Sabina D’Allessio was a sultry-eyed twentysomething in black leather with fiery hair like young snakes and leather gauntlets flung over one shoulder. She stood and brushed a gentle hand against the cheek of the man she was sharing a table with. He was good-looking, with Nordic, white-blond hair and pale gray eyes. “Welcome. Us redheads have to stick together, right?” she said with a grin. Except her red hair was probably genuine while mine was an expensively maintained disguise for my natural blond. She raised a hand in farewell to the room generally before striding out to the green Kawasaki parked at the curb. At nearly six feet tall, the girl moved like an athlete and looked like hell on wheels astride that motorcycle. She roared off down the street and the light in the coffee shop was dimmer somehow after she left.
Her table companion was Kurt Talbot, a surgeon at SF General. His eyes stayed aimed in her direction and didn’t drop to his phone until she’d been out of sight for a full minute.
The stern-faced elderly man with a double espresso was Damiano D’Allessio, Sabina’s grandfather, “one of my favorite professors back in the day,” Nicole added. She gave him a dazzling smile and he made an irritable little fanning motion with on
e hand in front of his face as if to brush away the compliment.

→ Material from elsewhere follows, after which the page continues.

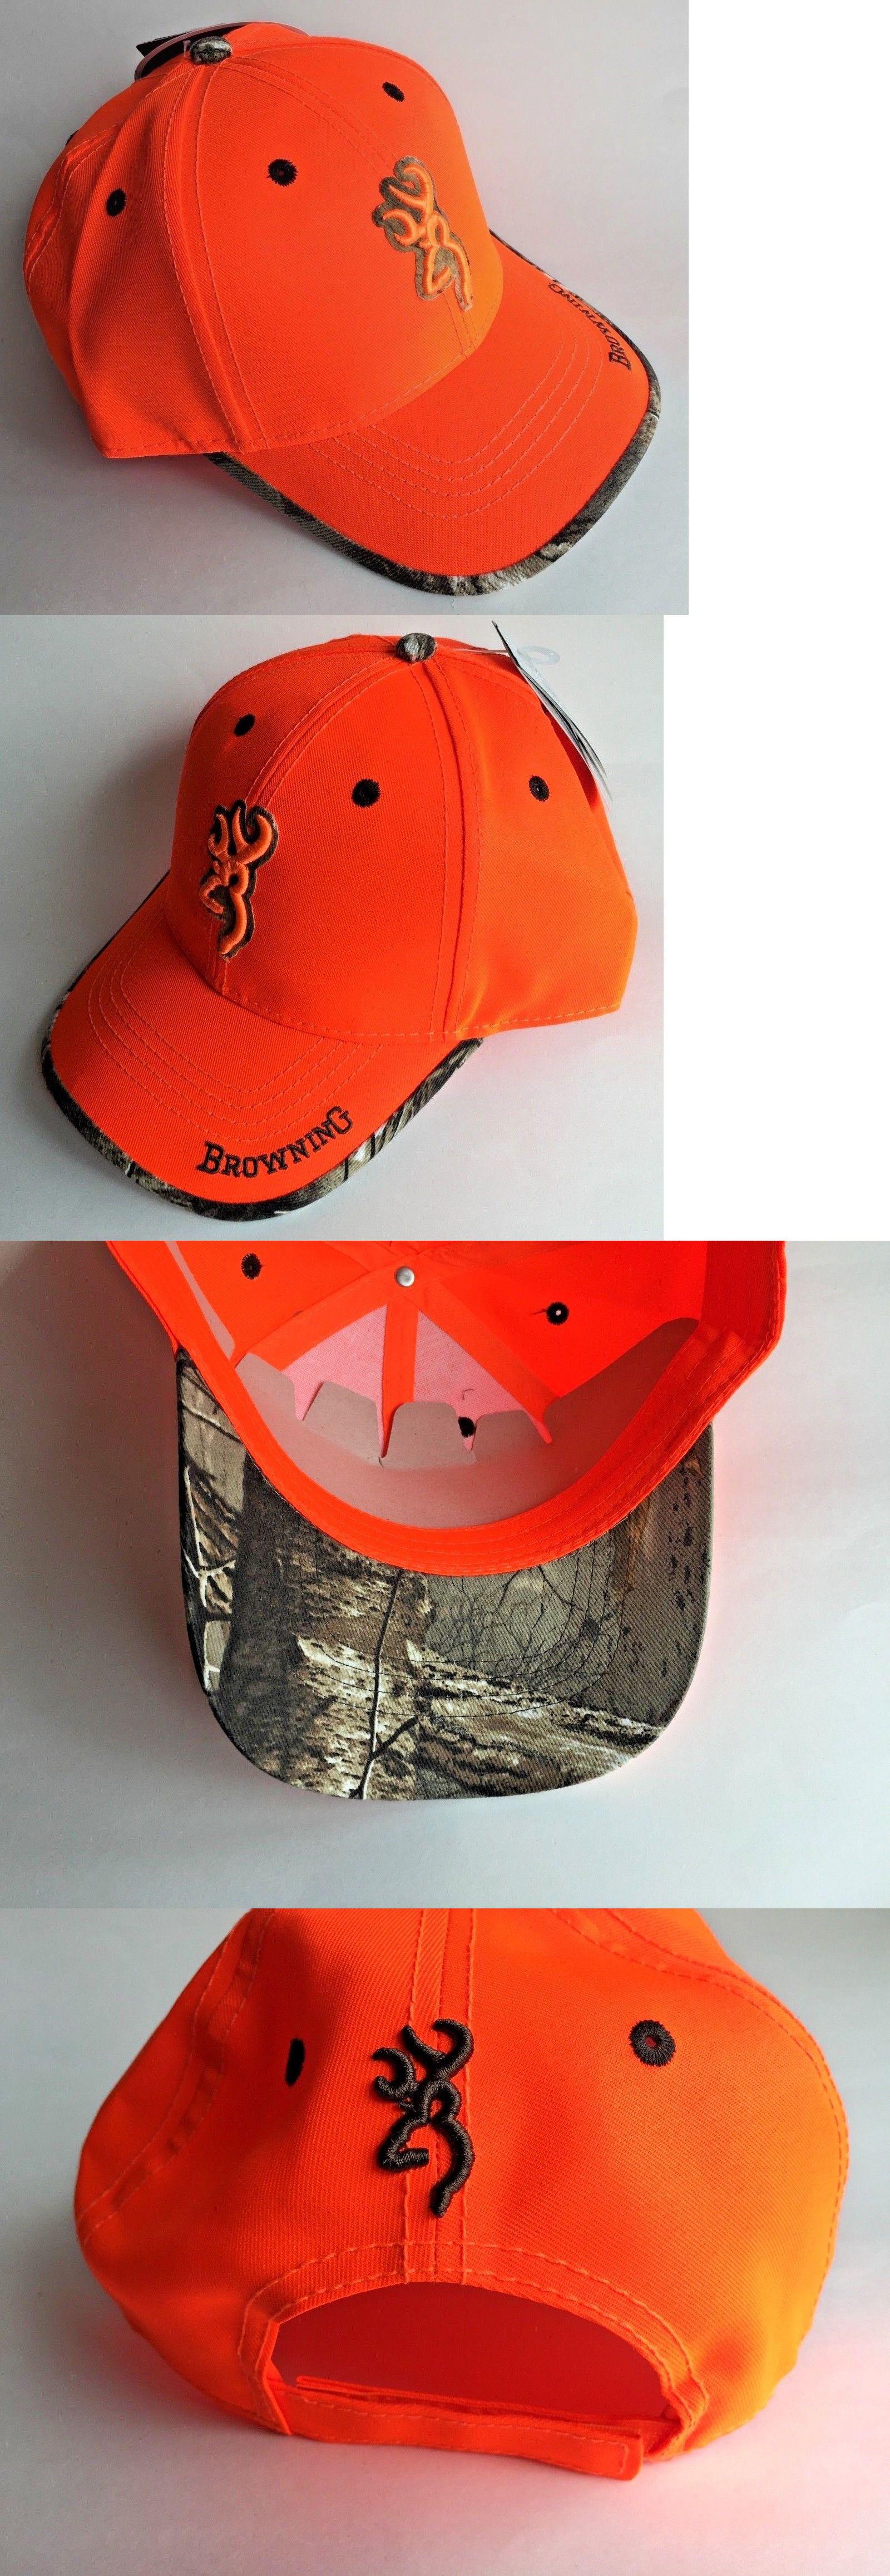 ... czech uk browning hunting hat new baseball cap sure shot blaze orange  308380011 rtx 3de78 60bf3 ee619476934a

Helga Lindstrom was the thirty-ish buxom blonde behind the counter who I learned was the coffee shop’s owner. “Bring in a mug and we’ll keep it here for you—saves using the paper ones. I bake everything fresh every day—the best muffins and scones in the city. Right, guys?” she added loudly to the room. A ragged chorus of “Right, Helga!” came from the tables all around and she laughed. Her eyes flickered to the pale and beautiful Kurt Talbot, but his eyes were still on his phone.
“You have a nice place here,” I said to her, looking around at the artwork on the walls.

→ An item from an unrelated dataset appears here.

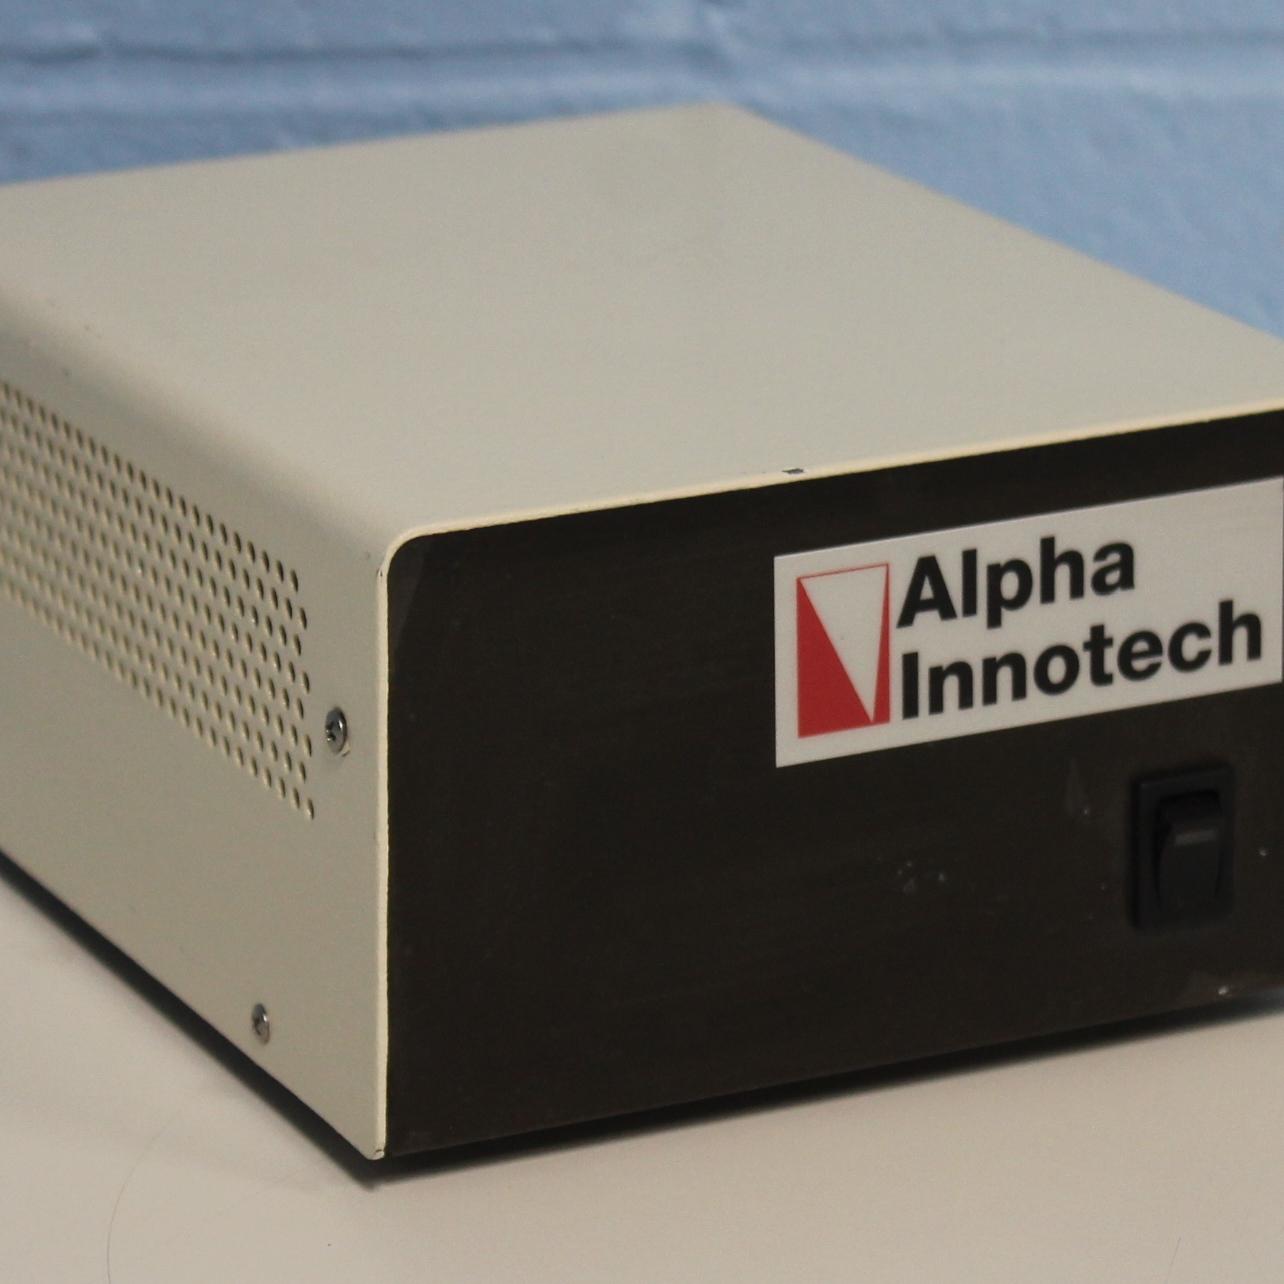 Alpha Innotech Model RT SE/KE PS Power supply for FluorChem system Image

“Local artists,” she said with a wink at Nicole. “Those paintings are Nicole’s, and the skateboard collages are by a guy I went to school with. They’re kind of large for the space, but I like ’em,” she said with a shrug. “The photography is mine.”
“You’re a photographer?” I perked up a little. A kindred soul, perhaps. Not that I could tell her.
“Not anymore,” she said. “I’m all about muffins and lattes now. You look as if you could put on a few pounds.” She clearly thought it was fine to make personal remarks. Good to know. I shook my head, a little embarrassed.
“Don’t listen to her,” Nat said without looking up from his iPad—seriously he looked really good. “You look great the way you are.” But Helga wasn’t wrong; I was underweight and hollow eyed and my T-shirts and jeans were two sizes too big because I’d bought them without realizing I’d dropped twenty pounds. Nat told me later, when we were each other’s best friend and he had saved my life, that I looked so fragile the day we met he thought I’d been seriously ill.